As I noted above, most of the action in these stories takes place after dark, with the narratives often centering on a character’s wanderings in the dark streets in search of someone or something. In Brussels Noir, these include vanished sons and lovers, a lost artist fitted out in full African ritual regalia, a kidnapped mermaid, a killer long disguised and gone underground, and, on the simplest level, the way home. The stories in Brussels Noir range from stark family tragedies to tales of love gone aground to dystopian visions of an unspecified future, and on through — perhaps surprising in a noir anthology — a thorough dose of magical realism.

For the reader unfamiliar with the political and cultural realities of Brussels, this book can be instructive. As center of administration for the European Union (not to mention NATO and a number of other pan-European institutions), the city stands in the public consciousness as an embodiment of organization and political order. Conversely, it can also embody (and it often does in this book) a bureaucracy that’s at best unfeeling and at worst cruel and capricious. (Ask the U.K. citizens who recently voted for Brexit about this dimension of Brussels’ public persona.)

At the same time, as this anthology bears out, Brussels is remarkably diverse. Its population includes substantial minority groups beyond the well-known top-level distinctions between Dutch speaking versus Francophone populations. Look closely, and there are quadrants of the city where African, Turkish, Caribbean, Arab, and other practitioners of Islam dominate in numbers. This is the canvas on which the authors in this collection paint.

For this reviewer, a handful of the stories are singularly resonant. Kenan Görgün’s “Ritual: Diary of Flesh and Faith,” my favorite, is a haunting evocation of a character’s search through Brussel’s midnight cityscape for ceremonies of ritual sacrifice.

“The Parakeet,” Barbara Abel’s narrative of a mother who perceives a rivalry for her husband’s favor between her son and their student boarder, culminates in a moment of ironic violence that suggests Nathaniel Hawthorne at his best.
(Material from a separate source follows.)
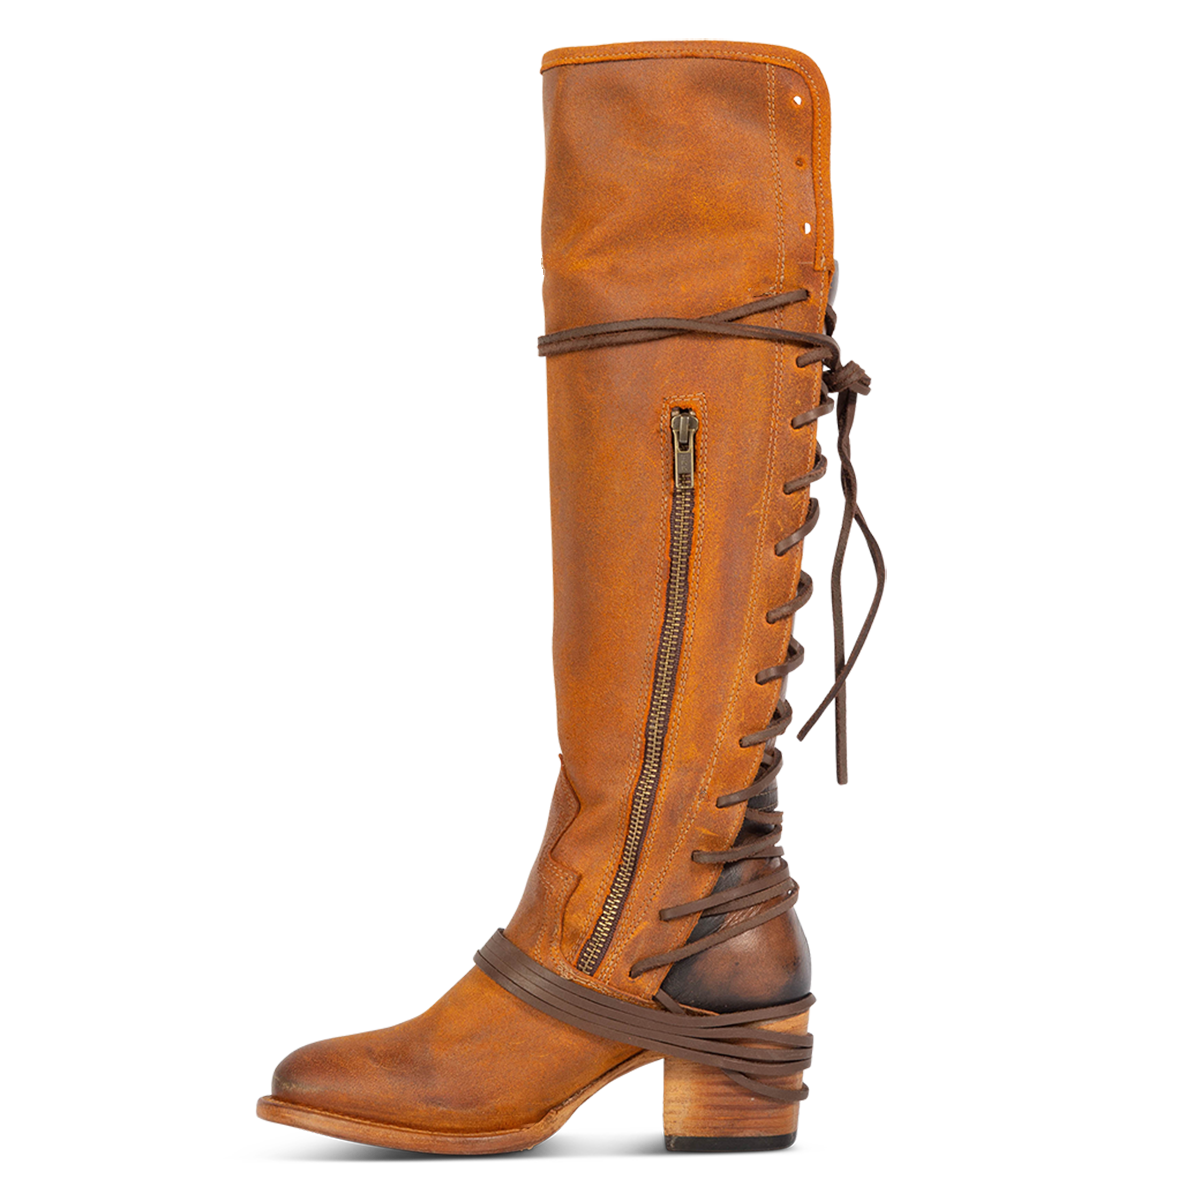 Inside view showing working brass zip closure and adjustable wrap around laces on FREEBIRD women's Coal tan suede tall boot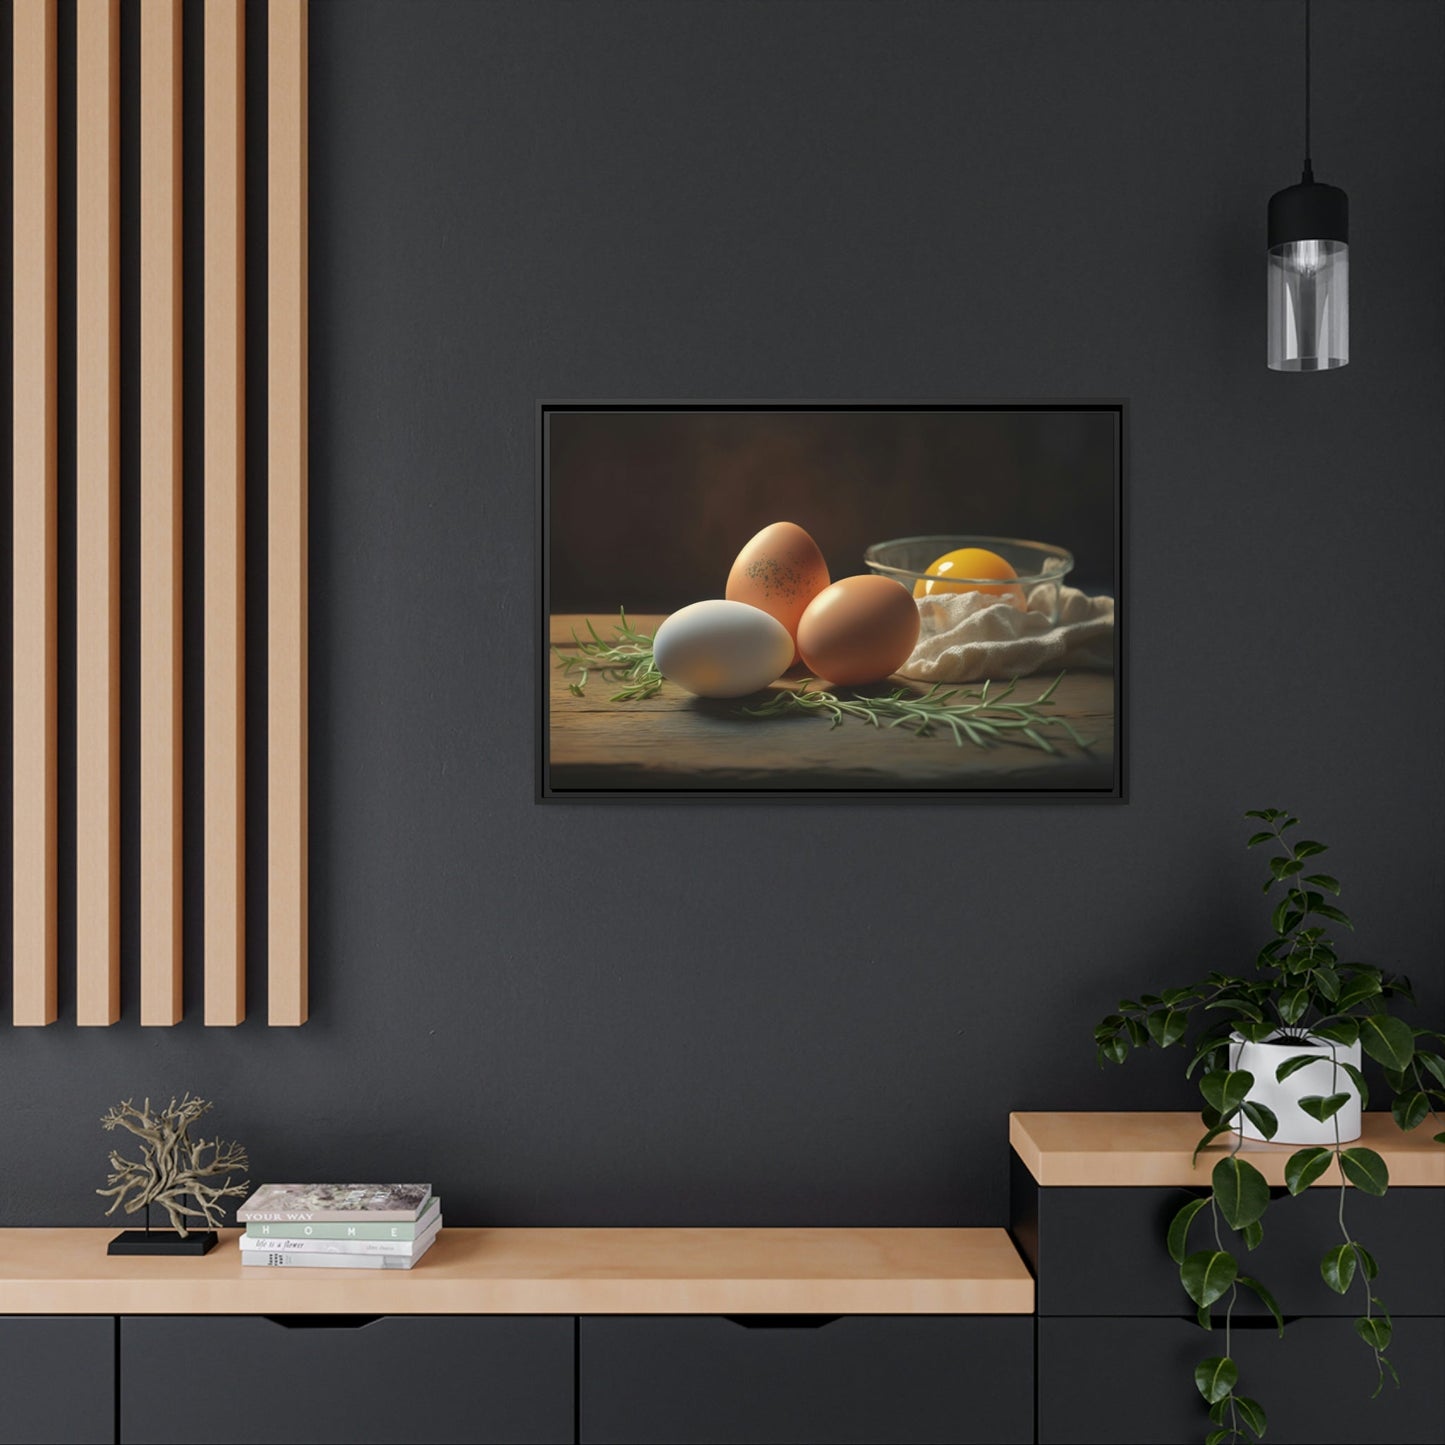 Eggstract Shapes: A Contemporary Painting of Geometric Forms Featuring Eggs

In “The Beekeeper,” Jean-Luc Cornette tells of the unlikely friendship of Belgium’s prince and a marijuana-dealing city-bureaucrat-turned-royal-gardener and their joint exploration of the unseen world via a self-styled Caribbean psychic.

Today so many of the newly minted short stories we encounter in (literally) hundreds of little magazines, both in print and online, seem to dwell unremittingly on character and language at the expense of narrative.

At the same time, the online serials that specialize in crime fiction and “noir” too often focus on shockingly sudden and gratuitous violence, on the unhinged criminal mind, and on catalogs of illicit drugs fueling clumsy robberies and tire-screaming getaways. If you’re interested, the compelling narratives in Brussels Noir — not to mention the other volumes in the series — can provide a welcome counterbalance to both these prevailing trends.